▶ [WHAT TO DO]: Nothing but a number is wanted: the count of lines in the records below that include "Urban".

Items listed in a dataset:

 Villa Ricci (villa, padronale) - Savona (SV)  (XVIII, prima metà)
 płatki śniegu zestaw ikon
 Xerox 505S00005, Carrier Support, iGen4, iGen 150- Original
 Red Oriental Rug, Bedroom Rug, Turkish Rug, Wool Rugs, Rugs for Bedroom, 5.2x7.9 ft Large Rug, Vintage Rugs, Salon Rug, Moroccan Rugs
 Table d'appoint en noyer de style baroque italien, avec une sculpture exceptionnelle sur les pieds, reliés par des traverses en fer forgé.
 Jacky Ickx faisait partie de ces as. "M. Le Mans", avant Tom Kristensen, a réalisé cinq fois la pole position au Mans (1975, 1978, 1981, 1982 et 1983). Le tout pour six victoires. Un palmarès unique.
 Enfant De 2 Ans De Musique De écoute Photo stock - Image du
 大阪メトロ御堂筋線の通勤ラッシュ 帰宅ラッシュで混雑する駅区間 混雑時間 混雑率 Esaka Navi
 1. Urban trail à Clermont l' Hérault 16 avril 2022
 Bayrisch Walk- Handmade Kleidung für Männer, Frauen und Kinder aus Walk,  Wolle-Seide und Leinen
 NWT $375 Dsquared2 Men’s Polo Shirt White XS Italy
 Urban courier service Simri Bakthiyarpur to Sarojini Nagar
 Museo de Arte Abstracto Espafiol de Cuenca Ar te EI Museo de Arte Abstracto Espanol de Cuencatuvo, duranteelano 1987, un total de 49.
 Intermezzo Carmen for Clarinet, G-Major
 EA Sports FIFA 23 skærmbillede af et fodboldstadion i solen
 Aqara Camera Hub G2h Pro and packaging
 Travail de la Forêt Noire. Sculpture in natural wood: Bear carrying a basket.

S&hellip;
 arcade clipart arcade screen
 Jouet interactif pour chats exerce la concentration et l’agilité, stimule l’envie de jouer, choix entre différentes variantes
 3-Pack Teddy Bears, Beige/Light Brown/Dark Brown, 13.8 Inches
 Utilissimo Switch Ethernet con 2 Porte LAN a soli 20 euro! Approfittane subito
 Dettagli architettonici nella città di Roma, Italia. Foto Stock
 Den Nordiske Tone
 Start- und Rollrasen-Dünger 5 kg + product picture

▶ [OUTPUT OF THE EXERCISE]: 2